Avant de périr sous leur propre poids de plus en plus écrasant et de plus en plus inutile, les livres auront été la vie même. Ils auront recueilli des paroles choisies entre toutes pour leur sens et leur son, pour leur force pour leur beauté. Ils auront constitué le savoir, ils auront transporté, par le seul chant de leurs mots lus avec ravissement et répétés en silence par les lèvres des jeunes gens, des millions et des millions, des milliards de lecteurs. Les livres auront donné, pendant quelques millénaires, l’image de la dignité et de la puissance de l’homme. Et, plus peut-être que rien au monde, à l’exception de l’amour, plus que l’argent, plus que le pouvoir, plus que les paysages les plus magnifiques et les plaisirs les plus rares, ils auront fait son bonheur.
Jean d’Ormesson

   
   

Je suis seul.

Même la présence de ma fille ne me distrait pas de ma solitude. Elle vient me voir une à deux fois par mois et de temps en temps, c’est moi qui la rejoins à Paris, pour un vernissage. Bien qu’elle me le défende. Elle ne trouve pas raisonnable que je prenne le train seul. Comme si cette solitude ponctuelle était plus dangereuse que l’autre. La solitude qui me ronge le ventre et finira par me désespérer. Dans la foule je suis seul. Dans ma bibliothèque, en compagnie de tous mes amis écrivains, je suis seul. Seul sur mon île. Seul dans ma vie. Seul dans mon âme. Mes fils ne m’écrivent plus. Ils téléphonnent parfois. Ils sont attentionnés, mais ils ne m’écrivent plus. Ils aiment le cinéma, la musique, certains la peinture. Aucun ne partage ma passion pour la lecture. Ils m’envoient des films de leurs petits-enfants. Ils sont tous venus au dernier Noël sur mon île perdue, avec des sacs chargés de cadeaux. Anne avait fait décorer le premier jardin de sculptures lumineuses. C’était beau. Théâtral. On aurait pu croire au bonheur, partagé par une famille nombreuse et unie. Mais la sérénité d’un bonheur familial est loin de pouvoir combler ma solitude.

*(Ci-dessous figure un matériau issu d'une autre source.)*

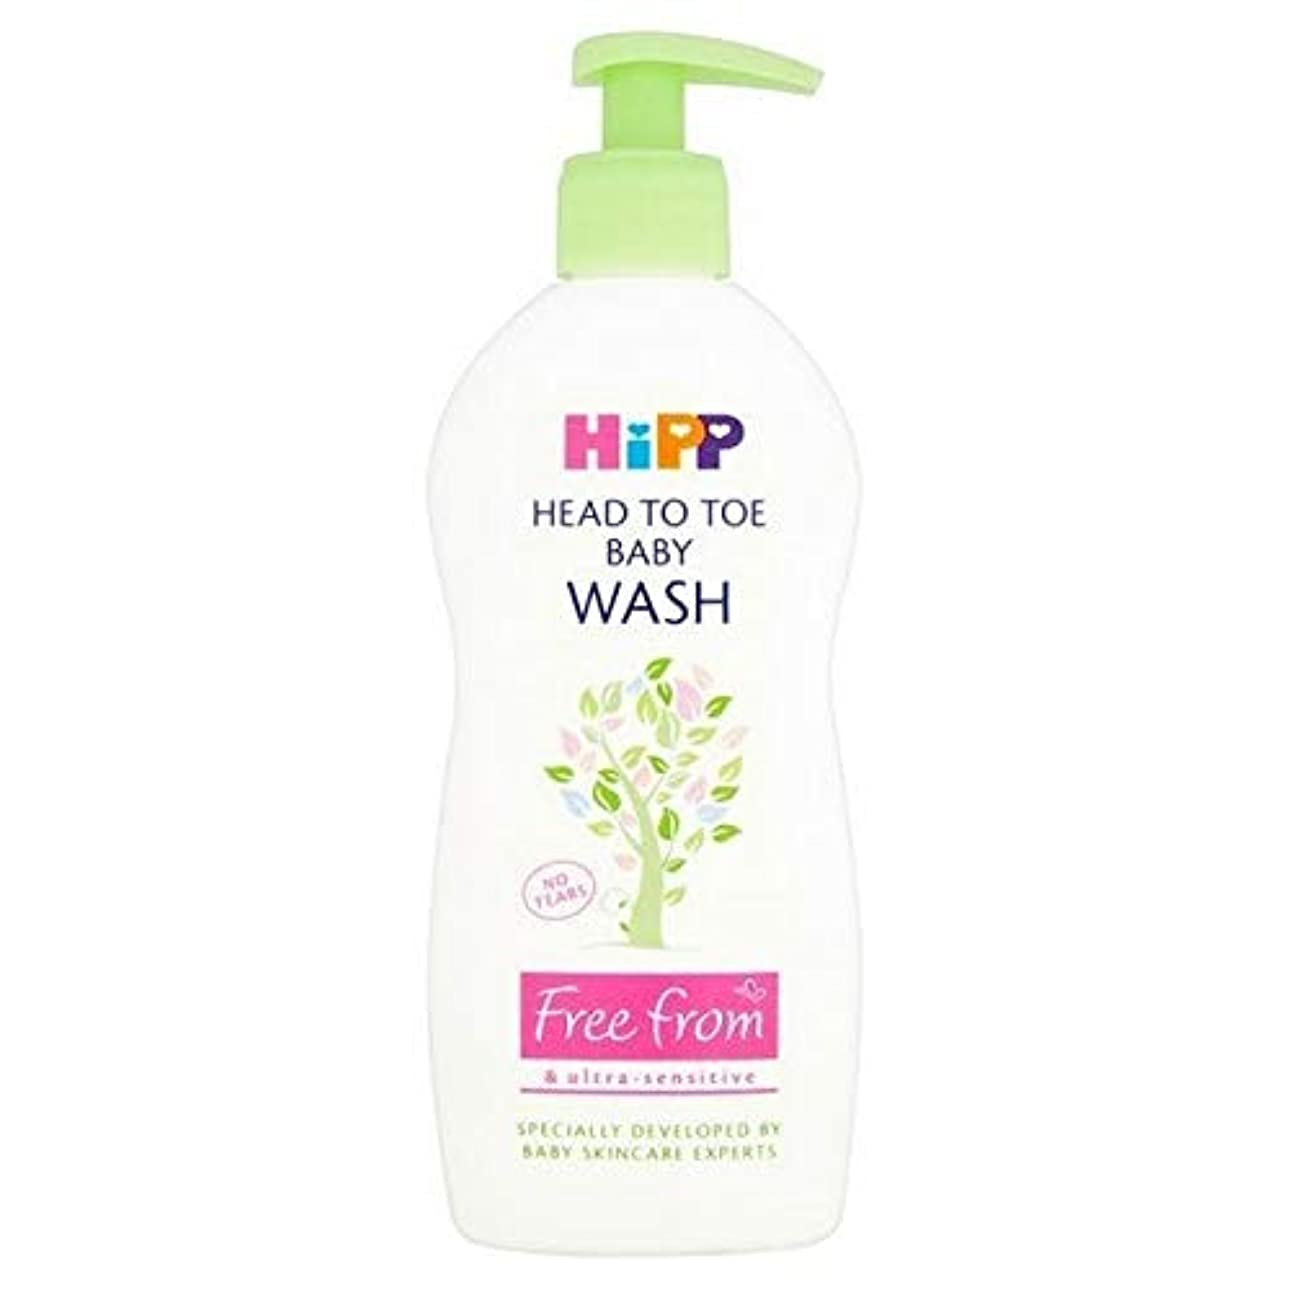 ロイヤリティプラグ冒険者[Hipp ] 頭からつま先洗浄400ミリリットルにヒップ無料 - HiPP Free From Head to Toe Wash 400ml [並行輸入品]

J'erre de livre en livre, ne sachant plus auquel m'attacher.

Longtemps j'ai aimé collectionner les savoirs. Peupler ma vie de la pensée des autres. Mais un seul homme peut-il absorber toutes les pensées du monde ? Et cette quête, vers quoi, vers qui mène-t-elle ? Ma vie s'achève. Elle aura duré presqu'un siècle. C'est beaucoup plus que n'en demande un homme. Mais l'humanité demande-telle à vivre ? Elle est. Et le mystère de cette présence dans l'univers reste et restera à jamais un mystère. Car plus loin sont repoussées les limites du savoir, plus nombreuses viennent les questions. Et plus loin est repoussée la réponse à celle que pose notre présence. Notre présence et notre conscience. La conscience de notre présence.